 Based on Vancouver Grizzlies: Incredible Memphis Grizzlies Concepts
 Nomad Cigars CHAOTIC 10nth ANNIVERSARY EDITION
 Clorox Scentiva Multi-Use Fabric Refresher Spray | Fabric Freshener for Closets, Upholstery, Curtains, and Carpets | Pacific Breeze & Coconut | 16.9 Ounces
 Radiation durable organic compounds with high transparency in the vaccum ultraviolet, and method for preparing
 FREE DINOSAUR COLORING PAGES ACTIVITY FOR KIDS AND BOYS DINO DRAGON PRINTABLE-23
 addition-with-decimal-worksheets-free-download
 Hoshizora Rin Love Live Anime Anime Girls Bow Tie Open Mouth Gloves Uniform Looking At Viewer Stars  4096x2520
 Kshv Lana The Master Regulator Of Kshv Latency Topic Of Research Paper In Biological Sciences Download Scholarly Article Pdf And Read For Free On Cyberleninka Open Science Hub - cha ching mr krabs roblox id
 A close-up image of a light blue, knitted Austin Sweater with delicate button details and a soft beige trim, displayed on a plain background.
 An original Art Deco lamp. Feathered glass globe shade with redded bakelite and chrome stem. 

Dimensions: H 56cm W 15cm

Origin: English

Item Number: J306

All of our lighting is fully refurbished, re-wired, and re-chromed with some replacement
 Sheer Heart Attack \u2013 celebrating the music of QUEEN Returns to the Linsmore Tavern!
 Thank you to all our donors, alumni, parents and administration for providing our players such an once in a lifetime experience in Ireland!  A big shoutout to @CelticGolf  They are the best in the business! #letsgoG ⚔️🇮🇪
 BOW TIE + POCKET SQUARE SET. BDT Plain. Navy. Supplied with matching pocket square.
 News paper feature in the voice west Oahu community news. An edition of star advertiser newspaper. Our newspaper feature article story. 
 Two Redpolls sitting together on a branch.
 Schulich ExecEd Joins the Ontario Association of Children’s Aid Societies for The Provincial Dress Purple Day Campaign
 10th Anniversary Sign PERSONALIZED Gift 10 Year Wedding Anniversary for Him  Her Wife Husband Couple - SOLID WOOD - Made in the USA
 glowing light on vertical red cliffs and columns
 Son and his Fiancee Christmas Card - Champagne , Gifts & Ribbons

========================

ACTIVITY:
Begin with the line that contains "Schulich ExecEd Joins" and end with the last line of the records; set down every line in that span exactly, and nothing else.

RESULT OF THIS TASK:
 Schulich ExecEd Joins the Ontario Association of Children’s Aid Societies for The Provincial Dress Purple Day Campaign
 10th Anniversary Sign PERSONALIZED Gift 10 Year Wedding Anniversary for Him  Her Wife Husband Couple - SOLID WOOD - Made in the USA
 glowing light on vertical red cliffs and columns
 Son and his Fiancee Christmas Card - Champagne , Gifts & Ribbons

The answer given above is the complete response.